LLMs Know More Than Words: A Genre Study with Syntax, Metaphor & Phonetics
Weiye Shi, Zhaowei Zhang, Shaoheng Yan, Yaodong Yang
TL;DR
The paper investigates whether large language models capture latent linguistic features beyond surface text by constructing a multilingual genre dataset derived from Project Gutenberg and augmenting inputs with explicit features capturing syntax, metaphor, and metre. Through fine-tuning encoder models on three binary genre tasks across six languages, the study demonstrates that metre patterns provide the most consistent performance gains, while syntactic and metaphor signals yield selective improvements depending on task and language.
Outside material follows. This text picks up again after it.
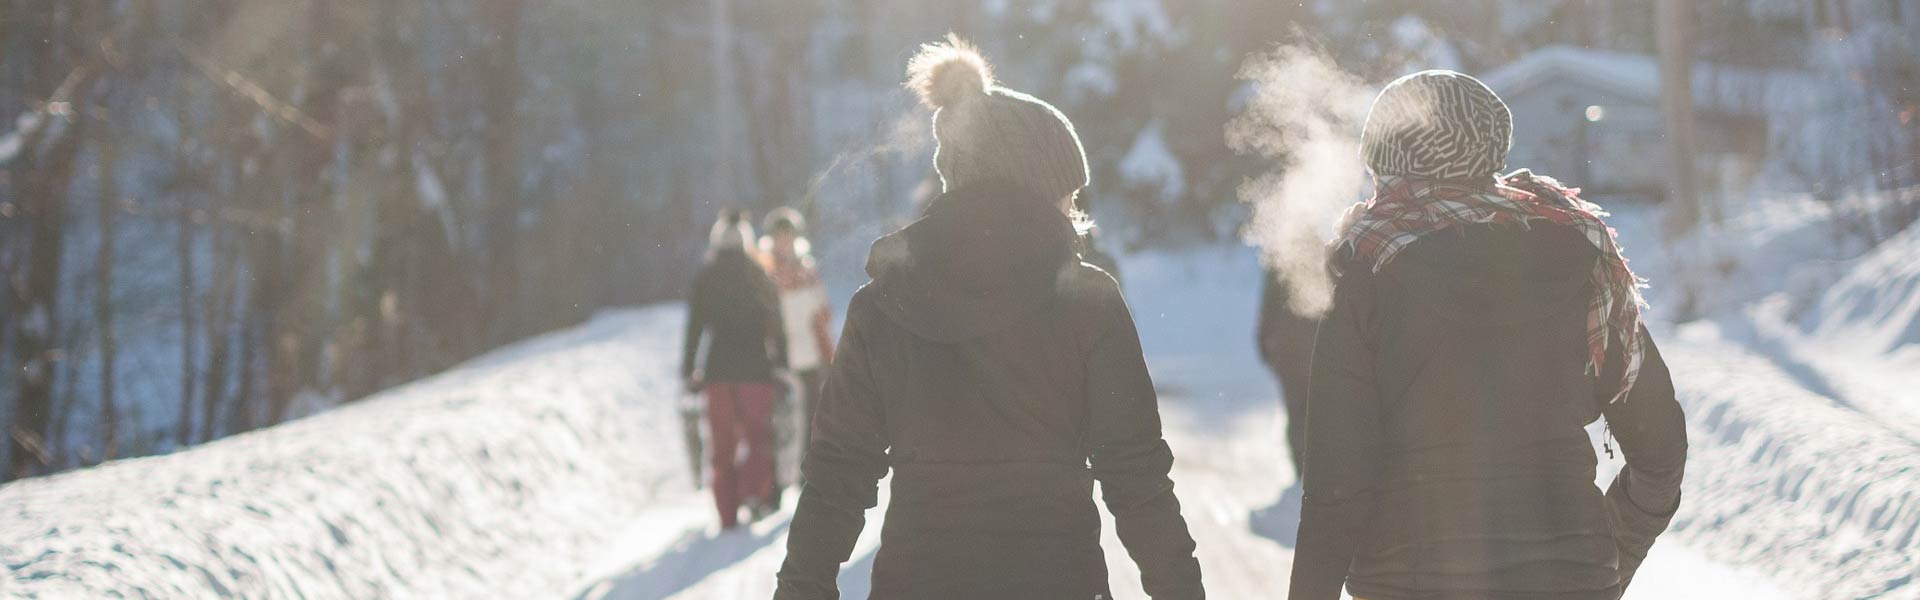 Wanderung durch die Winter-Natur mit Glühwein Weihnachtsfeier Idee b-ceed events

The findings highlight the value of incorporating deeper linguistic signals into LLM training to improve genre classification and interpretability, with implications for cross-linguistic stylistic analysis. The work contributes a new multilingual resource and a framework for probing how latent linguistic structures influence NLP tasks beyond mere word usage.
Abstract
Large language models (LLMs) demonstrate remarkable potential across diverse language related tasks, yet whether they capture deeper linguistic properties, such as syntactic structure, phonetic cues, and metrical patterns from raw text remains unclear. To analysis whether LLMs can learn these features effectively and apply them to important nature language related tasks, we introduce a novel multilingual genre classification dataset derived from Project Gutenberg, a large-scale digital library offering free access to thousands of public domain literary works, comprising thousands of sentences per binary task (poetry vs. novel;drama vs. poetry;drama vs. novel) in six languages (English, French, German, Italian, Spanish, and Portuguese). We augment each with three explicit linguistic feature sets (syntactic tree structures, metaphor counts, and phonetic metrics) to evaluate their impact on classification performance. Experiments demonstrate that although LLM classifiers can learn latent linguistic structures either from raw text or from explicitly provided features, different features contribute unevenly across tasks, which underscores the importance of incorporating more complex linguistic signals during model training.